For the third year in a row, Purdue University, in Indiana, USA, has confirmed its lead in the rarified realm of supercomputing by unveiling Conte, the nation's fastest university-owned supercomputer – developed in a collaboration with HP, Intel, and Mellanox.
Conte is the highest-ranking campus supercomputer on the June 2013 Top500 list of international supercomputers. It surpasses the nation's previous fastest university-owned machine, Carter, which was built in 2011 and is still in operation at Purdue.

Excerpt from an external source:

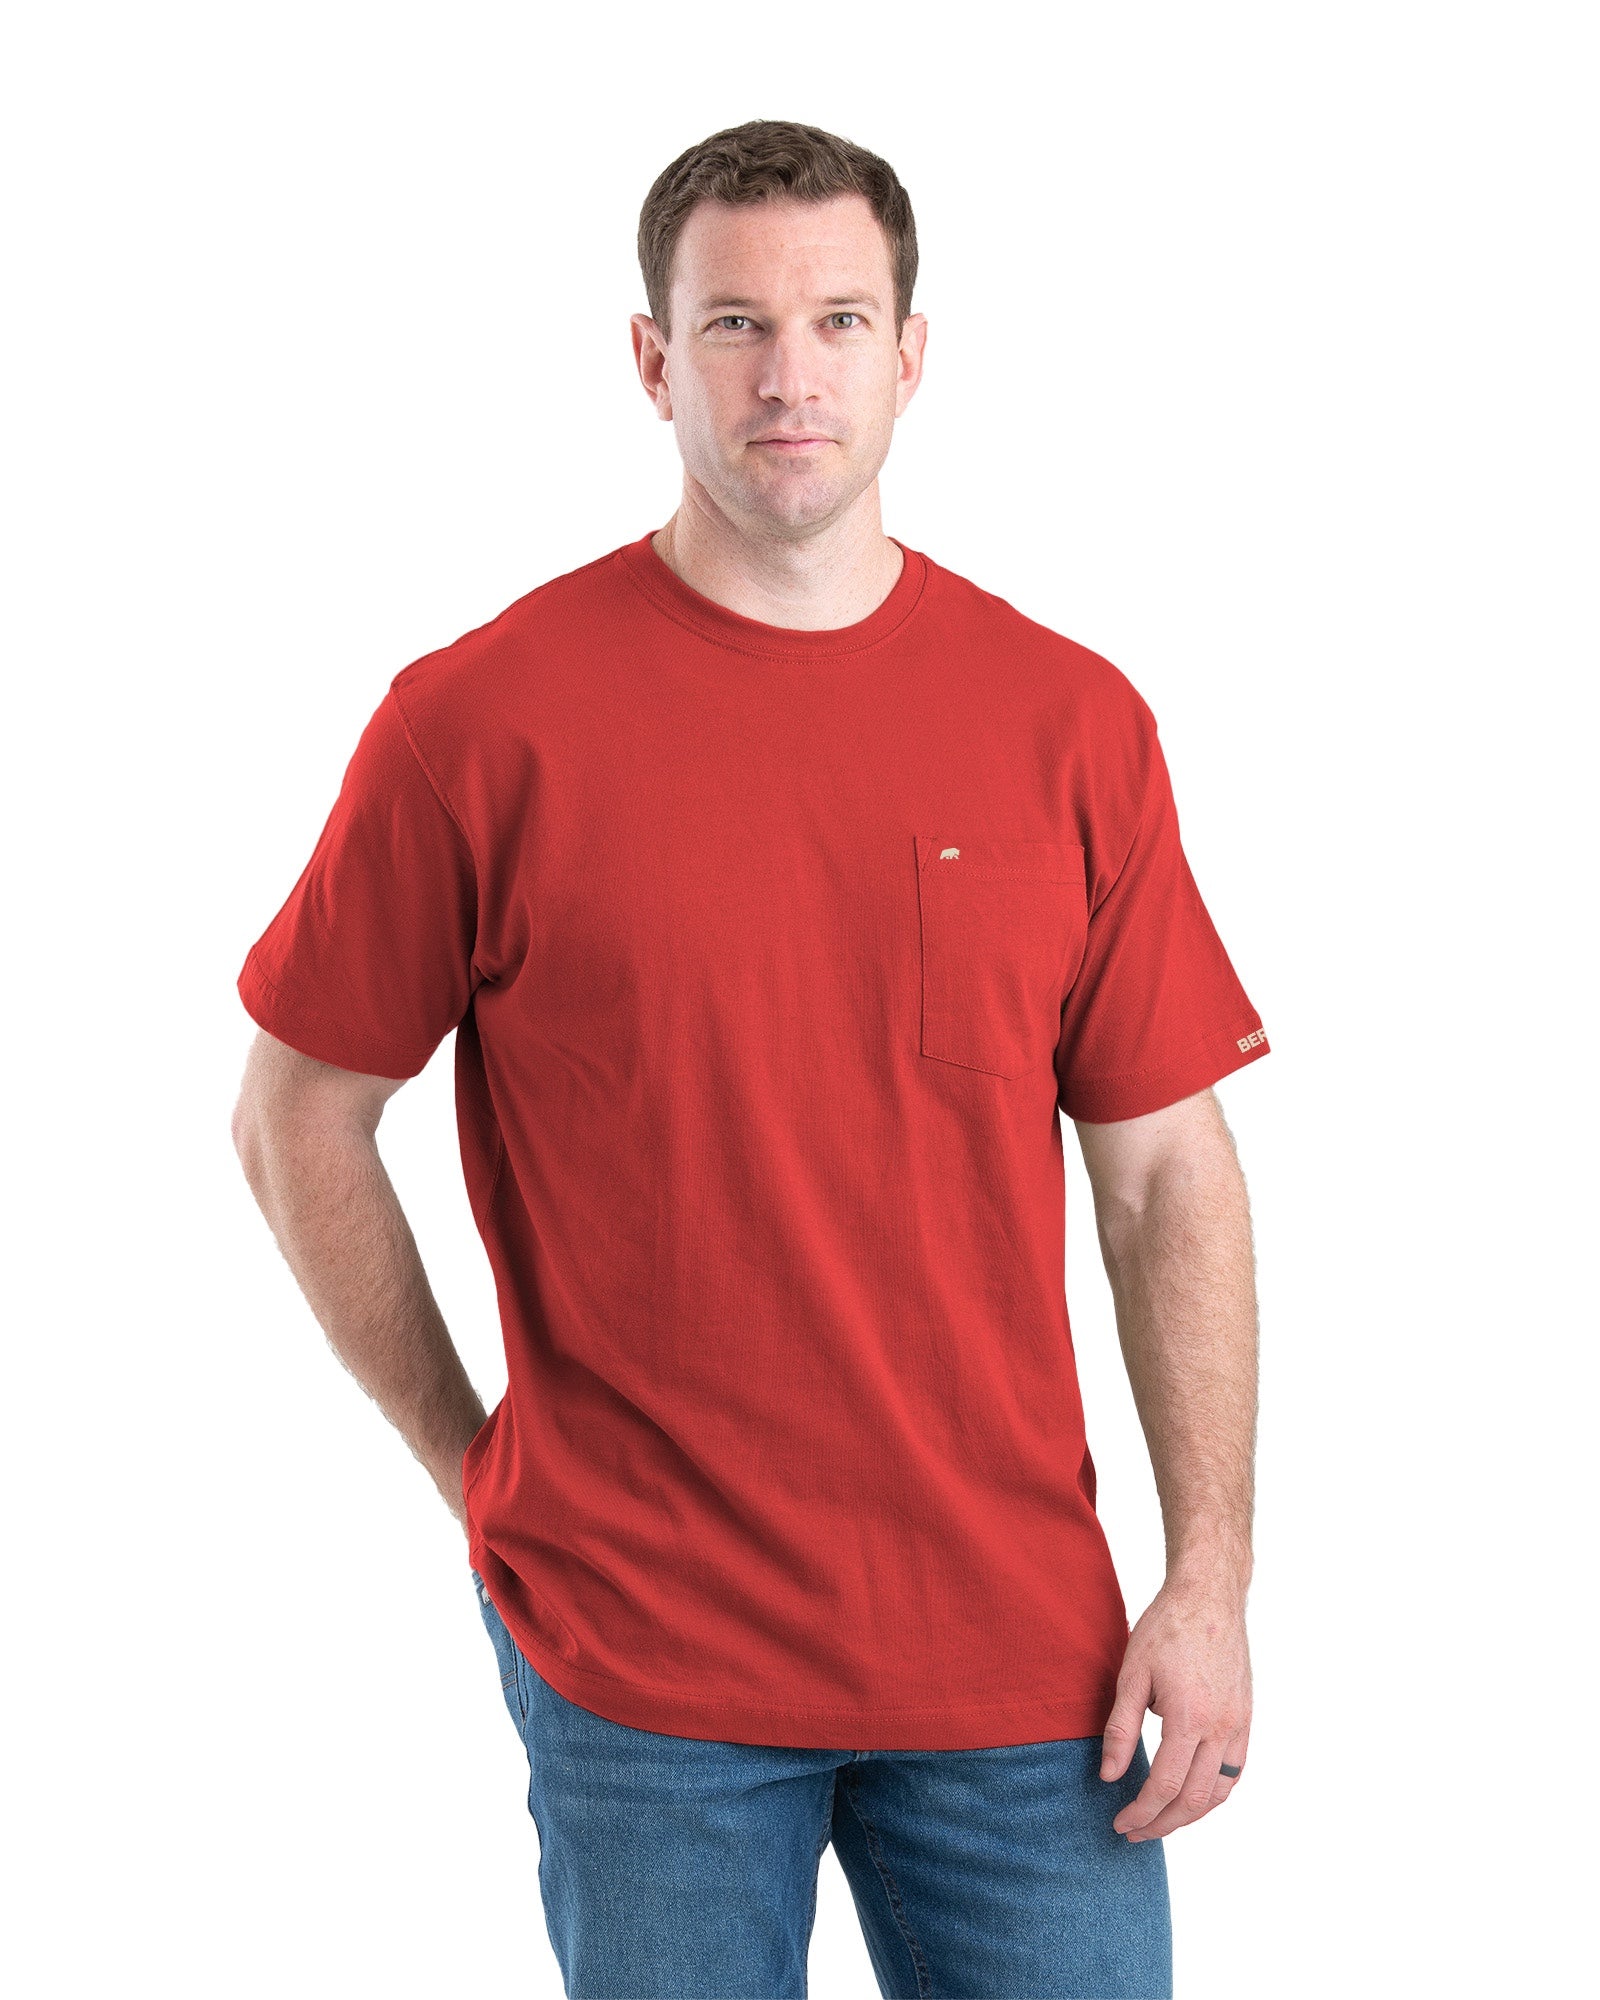 Men's Standard 4xl Tall Shirts & Tees

'We don't do this only to be at the top of a list, although it's nice to have an external measure of our success in delivering the most effective computational tools to our researchers,' said Gerry McCartney, vice president for information technology. 'The reason we do this is because our faculty have a constantly growing need for more and faster computational resources.'
Conte clocked in with a sustained, measured maximum speed of 943.38 teraflops and a peak performance of 1.342 petaflops. The computer would process a problem 15,000 times faster than a 15-inch Apple MacBook Pro.
The computer was built with 580 HP ProLiant SL250 Generation 8 (Gen8) servers, each incorporating two Intel Xeon processors and two Intel Xeon Phi coprocessors, integrated with Mellanox 56Gb/S FDR InfiniBand.